In: Finance
Use the Excel spreadsheet Bond Price-Yield Calculator to answer these questions. However, you should try to replicate some of the calcuations by hand with your personal calculators to help learn the concepts. Make sure you think through the intuition behind the calculations and make sure you understand why the answers are what the Excel spreadsheet produces.
(1) A 4.50% coupon bond matures on 8/15/2023. The settlement date for the trade is 5/26/2017. The issue date was 8/15/2013. The first coupon date was 2/15/2014. The face value owned is 100,000. The bond pays coupons semiannually.
(a) Calculate accrued interest assuming the bond is a U.S. Treasury bond.
(b) Calculate accrued interest assuming it is a U.S. domestic corporate bond.
(c) Why are the results different?
(d) Calculate the yield to maturity for the above security, assuming it is a U.S. Treasury bond priced at 99.25. Explain why it is above or below the coupon rate.
Coupon amount on the Bond = Face value x Coupon rate = 100,000 x 4.5% = 4500
A) If the bond is a US Treasury Bond then we will take the number of days in a year as 365 for accrued interest calculation:
Number of days for accrued interest - from Issue date - 8/15/2013 to settlement date - 5/26/2017 :
2013: August - 17 , September - 30 , October -31, November -30, December -31 = 139 days
2014 = 365 days , 2015 = 365 days , 2016 = 366 days (leap year) , 2017 : 31 + 28 + 31 + 30 + 25 days = 145 days
Hence, Total number of days for accrued interest = 139 + 365 + 365 + 366 + 145 = 1380 days
Accrued Interest = 4,500 x (1380 / 365) days = 4500 x 3.781 = $ 17,014.50
B) In this case , for US Corporate Bonds, the convention is to take 360 days in a year.

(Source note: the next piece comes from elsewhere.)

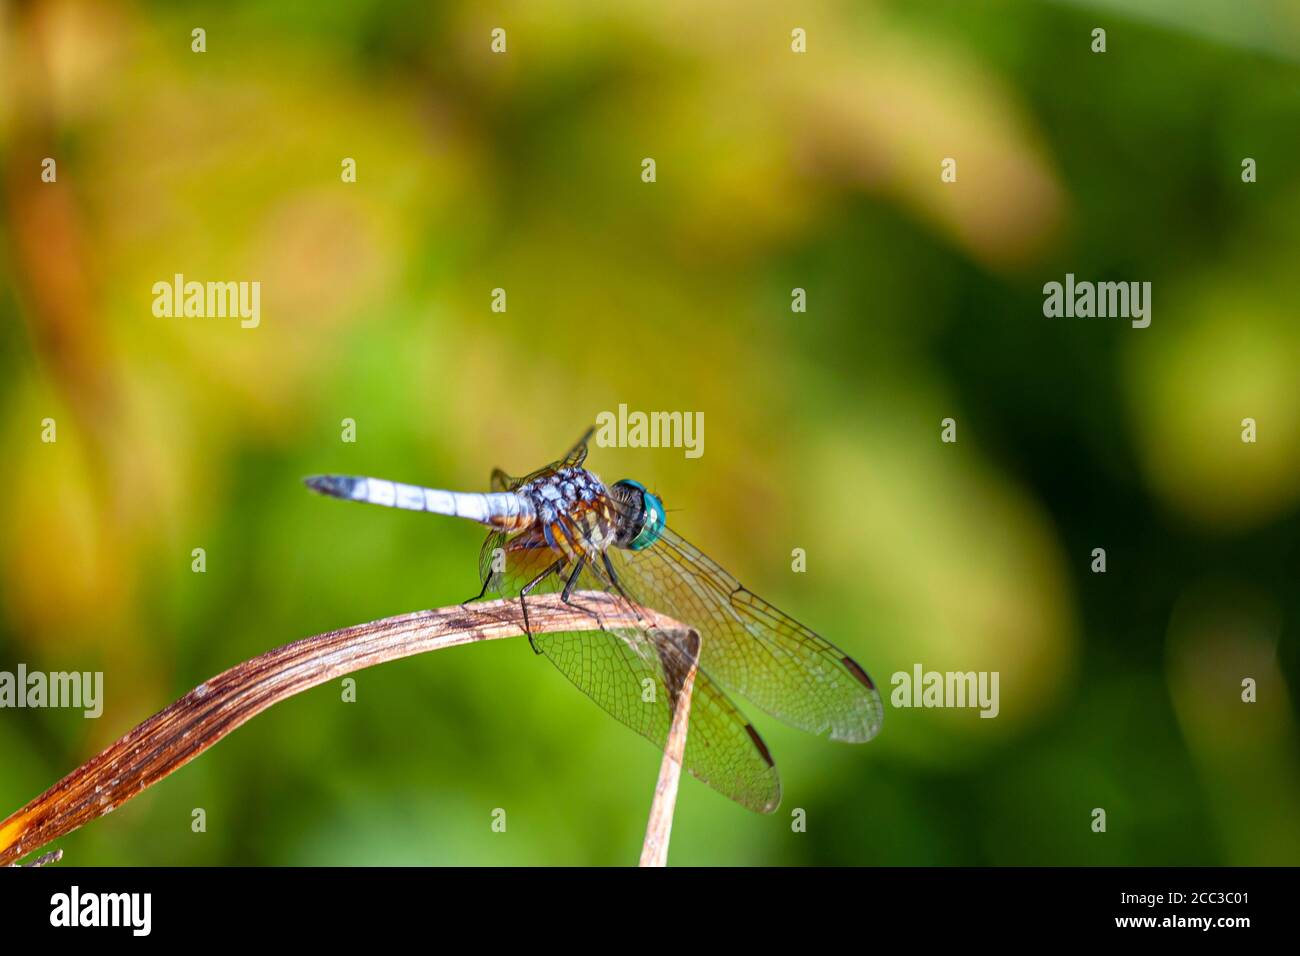 Une image isolée en gros plan d'une libellule dasher bleu vif (Pachydipax longipennis) sur un bâton. Cette photo de vue latérale affiche des dégradés de couleurs Banque D'Images

Accrued Interest = 4,500 x (1380 / 360) days = 4500 x 3.833 = $ 17,248.50
C) The results are different because the convention is to use 365 days in a year for accrued interest in case of US Treasury Bond, while it is 360 days in case of a US Corporate Bond.
D) Given, Price = 99.25
Yield to Maturity (using approximation formula) = [Coupon amount + (Maturity Value - Price) / n] / (Maturity Value + Price) / 2
= [ 4500 + (100,000 - 99.25) / 10 years] / (100,000 + 99.25) / 2 = [4,500 + 9,990] / 50,049.63 = 0.2895 or 28.95% p.a.
YTM is higher than the coupon rate because the Current Price of the bond is lower than its Maturity value. Yield to Maturity keeps on changing beacuse it is based on the current price at which the bond is selling, as opposed to coupon rate which is a fixed periodic payment on the face value of the bond.